Однажды, когда хозяев не было дома, Албасти попросила их семилетнюю дочку, чтобы та почесала ей голову. Девочка обнаружила иглу и удивленная спросила у Албасти, что это такое. Та застонала, заплакала и попросила девочку вытащить иглу, поскольку из-за нее болит голова. Добрая девочка, не раздумывая, вытянула иглу. Албасти, почувствовала свободу, будто сошла с ума: покружилась, повертелась на месте, потом стала все, что она делала, портить: кизяк весь растоптала, разломала, посуду побила, в комнатах намусорила, а потом схватила за ноги девочку и бросила вниз головой в кипящий котел. И после всего этого скрылась».
У адыгских народов «все фольклорные источники единогласно утверждают, что стоит только вырвать один волосок из косы алмасты, доходящей до земли, как она тут же делается во, всем послушной и не отходит от дома, где хранится волосок».
У осетин бытуют рассказы о том, как некий Секинаев (или Сагкаев) поймал черта и заставил его работать на себя. Подчинение черта воле человека происходит также с помощью волос. Разница лишь в том, что в осетинских вариантах не волос прячут, а сбривают клочок волос. Схожие с осетинским сю- ясеты бытуют и у чеченцев и ингушей. Чеченцы и ингуши, поймав черта, также сбривают ему голову. При этом, и осетины, и чеченцы, и ингуши рассказывают эти легенды, как реально происшедшее событие.

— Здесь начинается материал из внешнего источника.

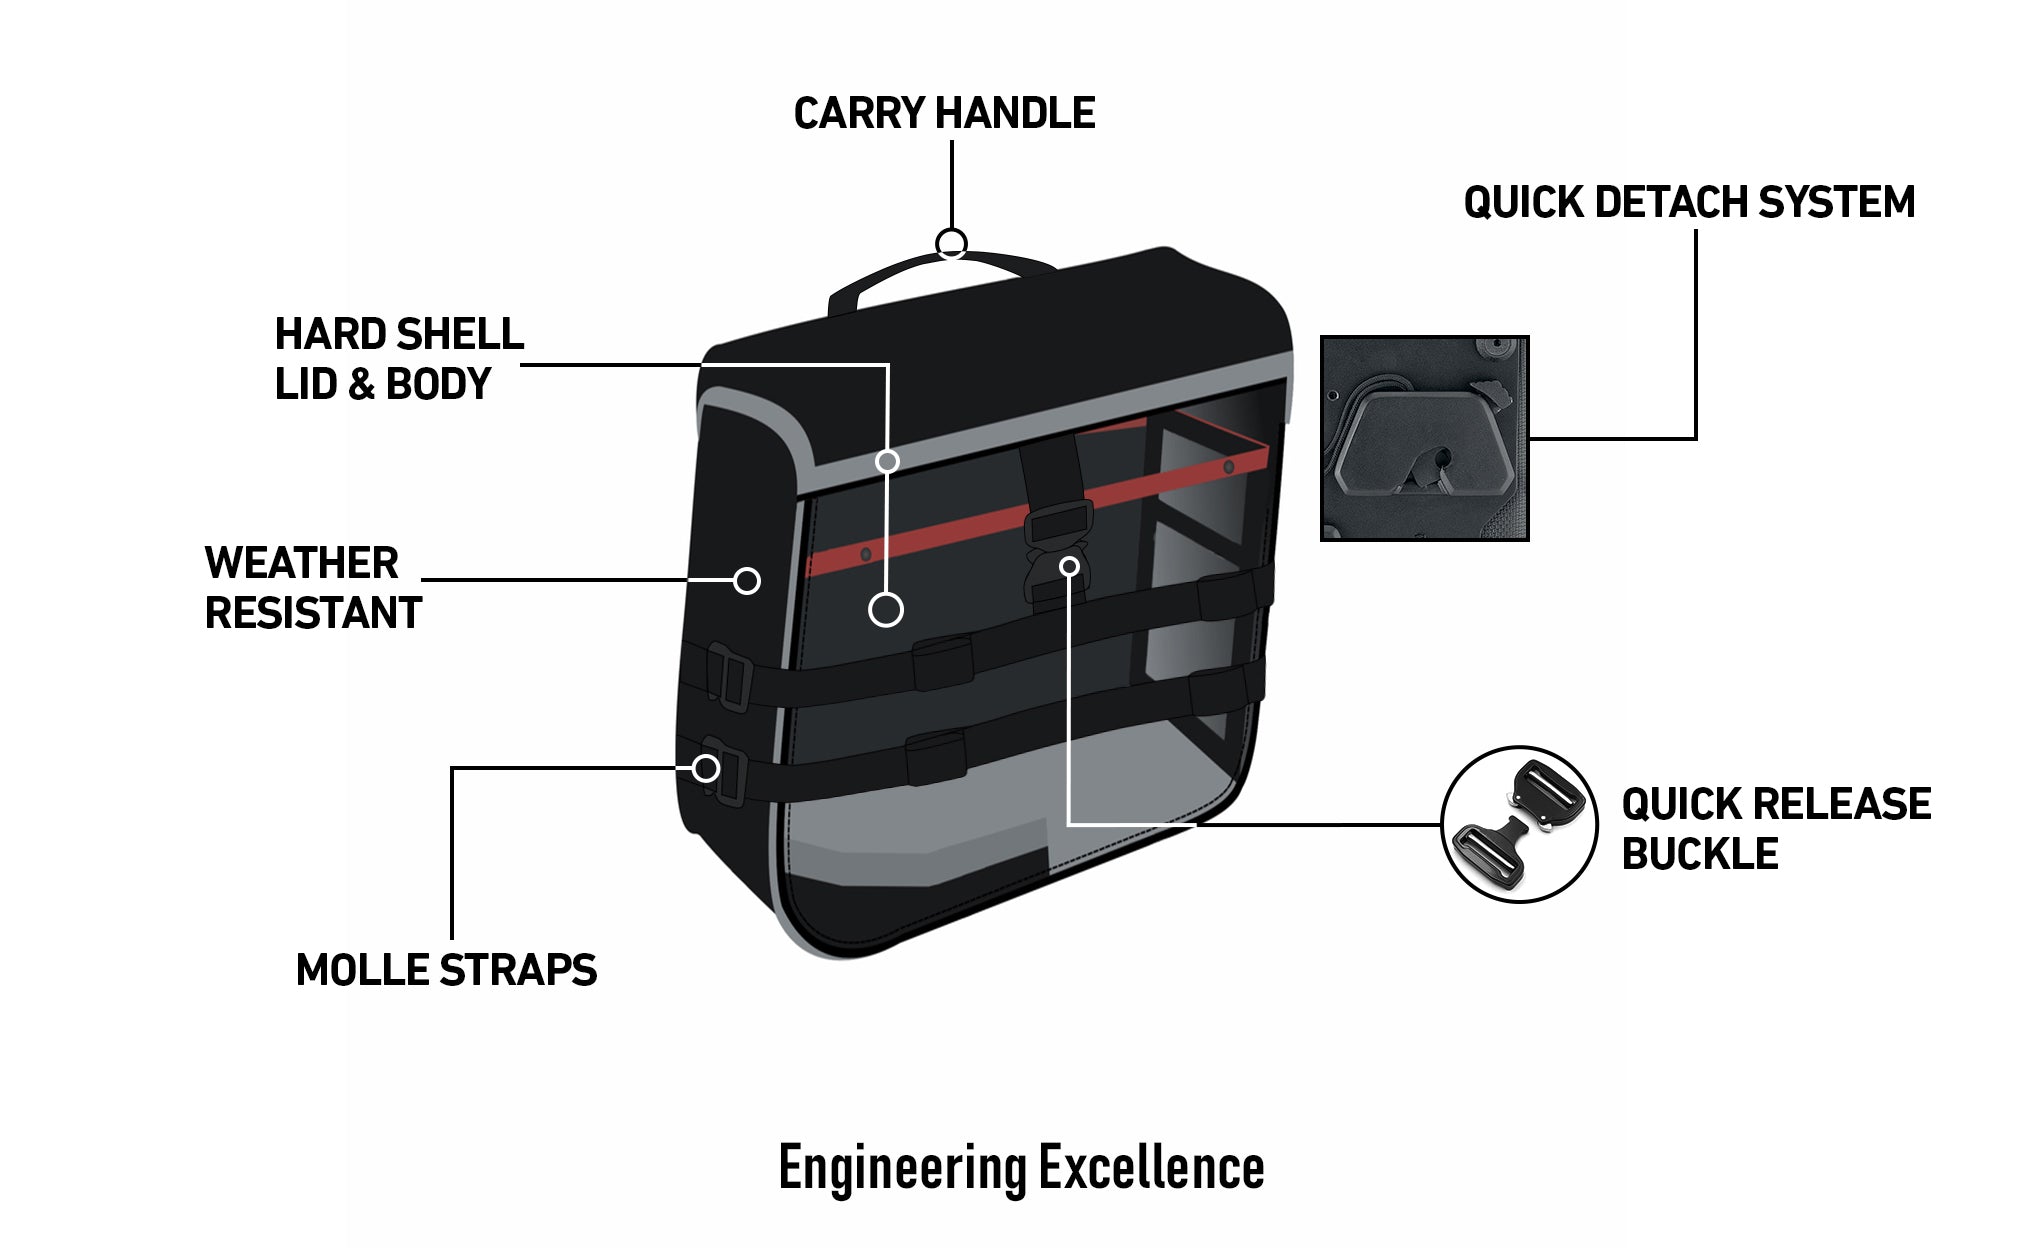 Viking Incognito Detachable Small Solo Motorcycle Saddlebag For Harley Sportster 883 Iron Xl883N Engineering Excellence with Bag on Bike @expand
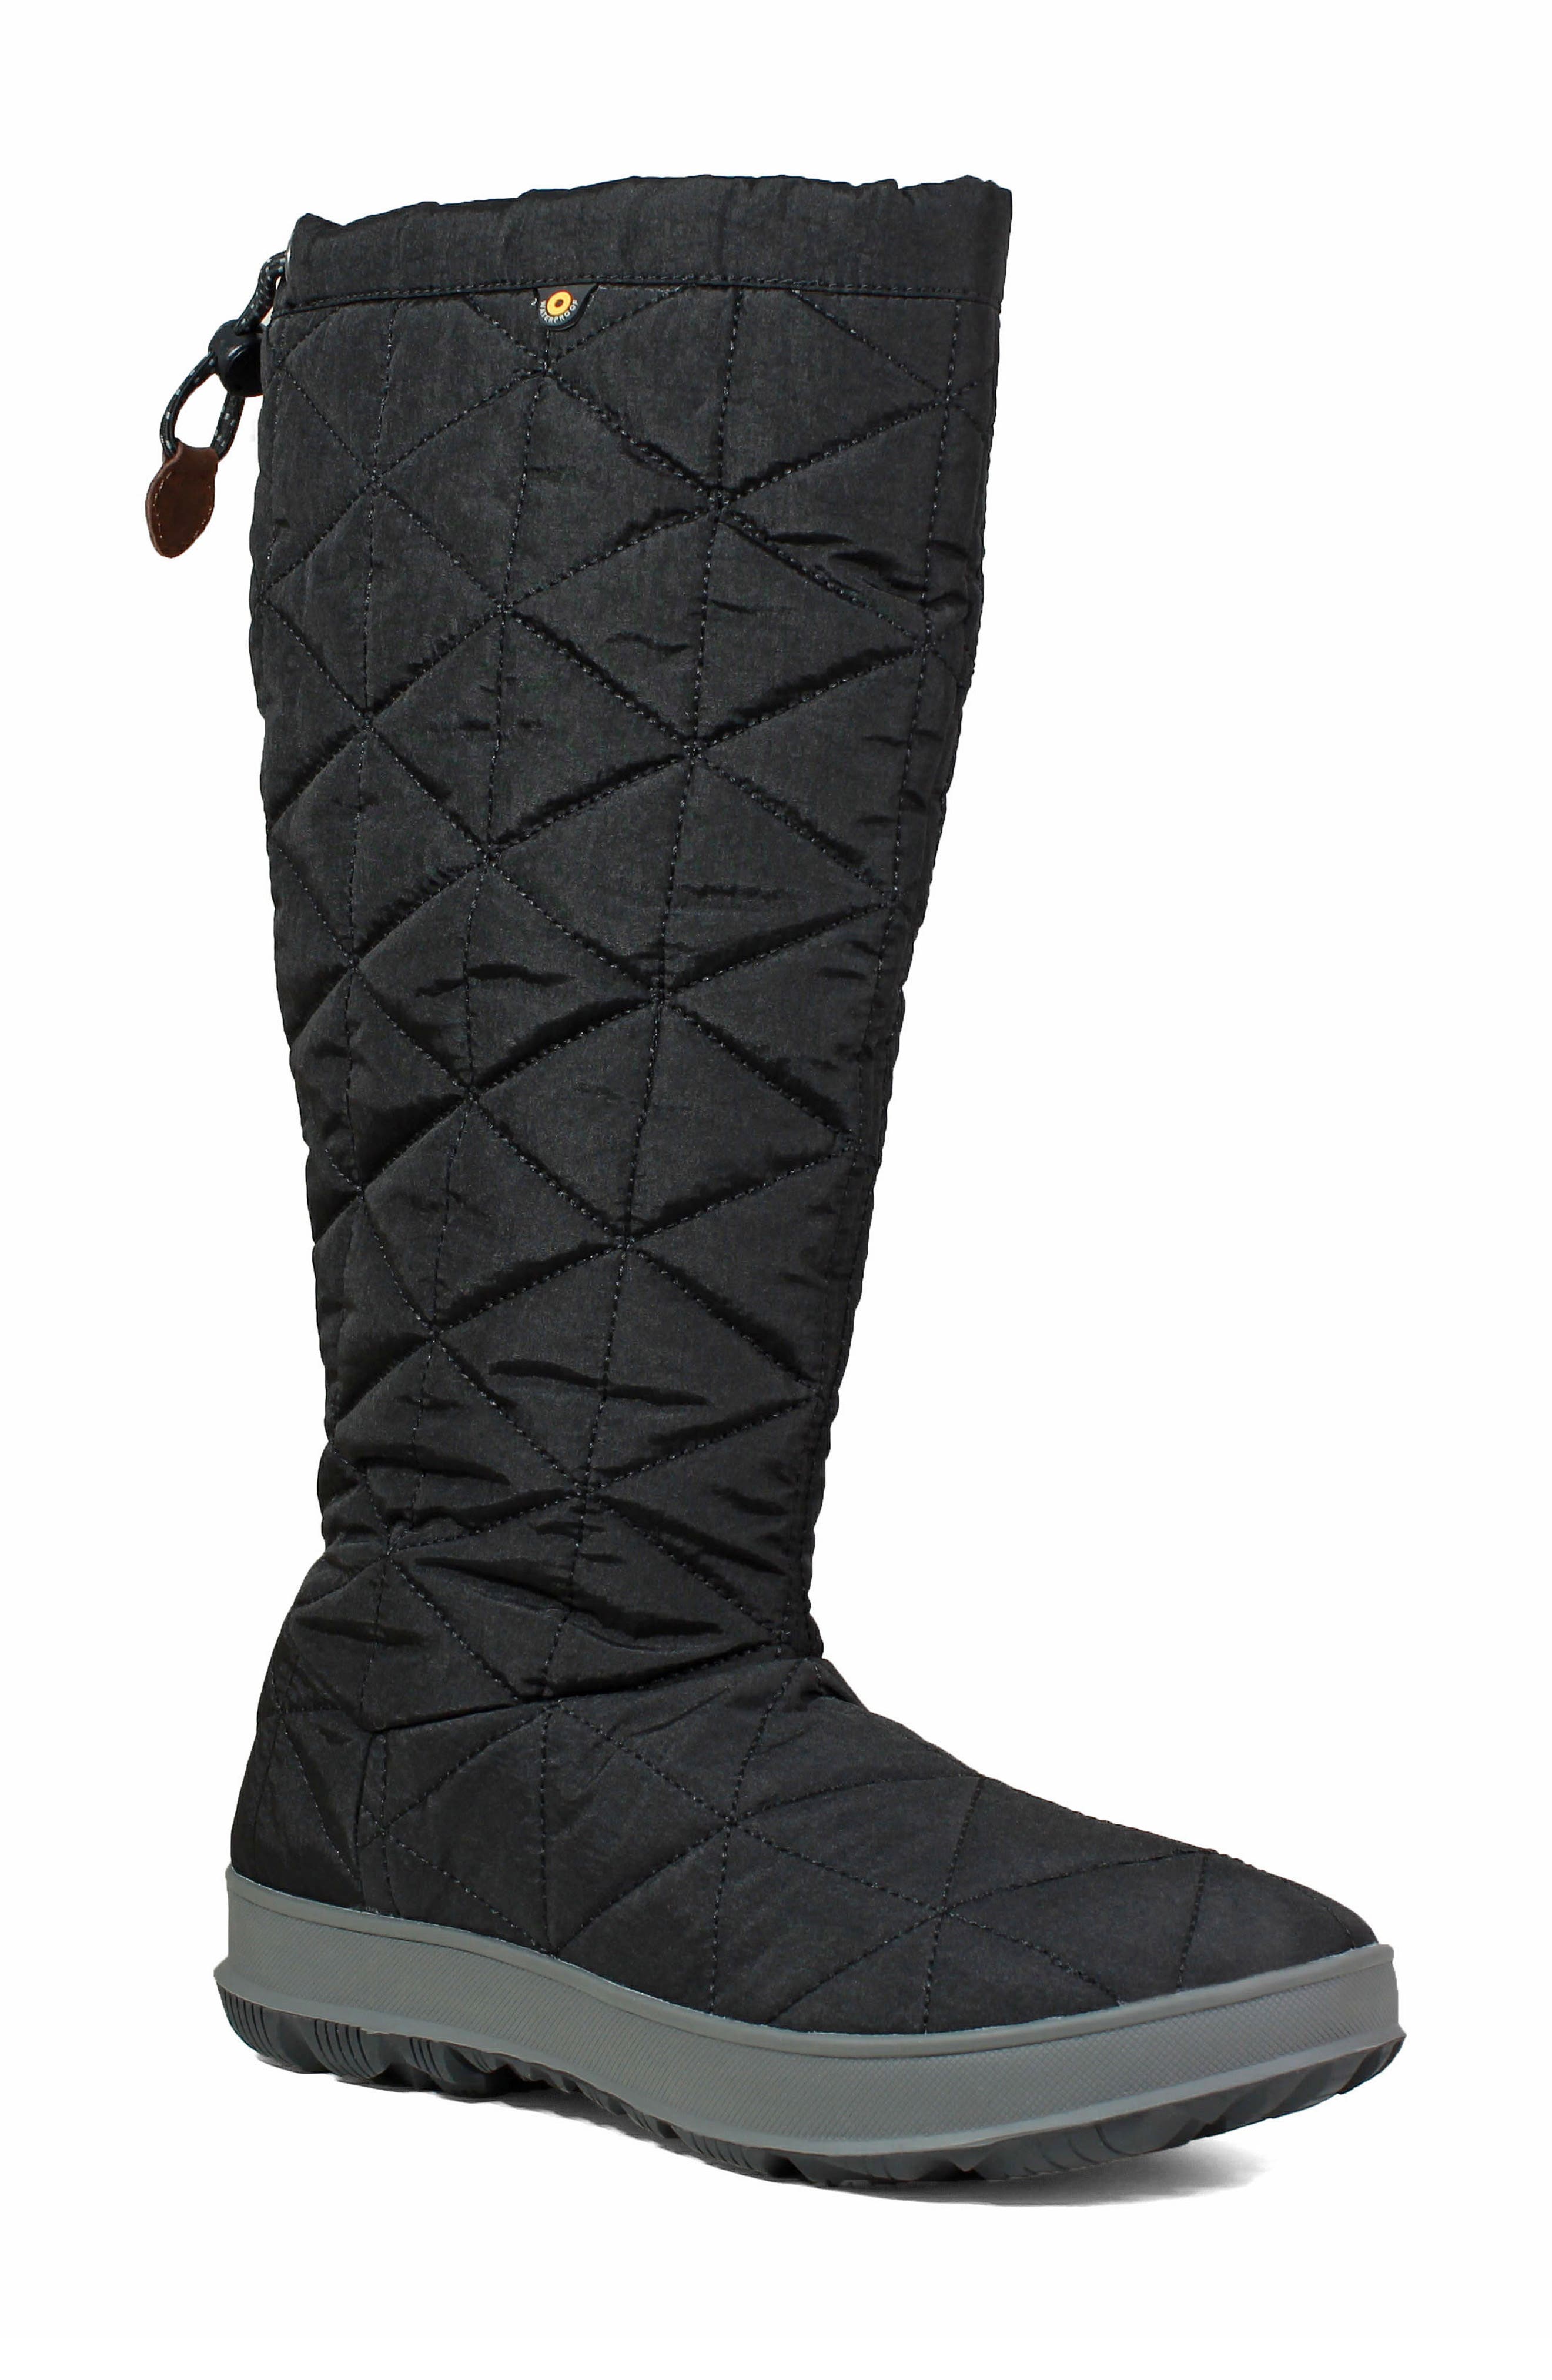 bogs snow boots womens

Жители Дигорского ущелья до сих пор показывают камень около с. Махческа с огромным отпечатком ладони (приписываемый черту), под которым исчез сбежавший черт. Такой же камень могут показать и ингуши. Осетинский и ингушский черт отличается от дагестанского Албаслы только тем, что, оказавшись на свободе, не губит ребенка. По всей видимости, мотив убийства ребенка Албаслом перед уходом отсутствует по той причине, что черт ни у одного народа не связывается с духом-покровителем рожениц или с богиней плодородия.
С чертом Албасты единит и то, какими средствами человек борется с ними. Согласно поверьям многих народов, защитить от Албасшы может человек, подчинивший ее, или шаман, мулла. Защитой от них служат острые различные железные предметы: нож, ножницы, игла и пр. До сих пор на Северном Кавказе верят, что ножницы, подложенные под подушку роженицы или ребенка, защитят их от Албасты или черта. Согласно поверьям грузин, злым чарам Али может противостоять «заговор от Али» или произнесение имени Георгия.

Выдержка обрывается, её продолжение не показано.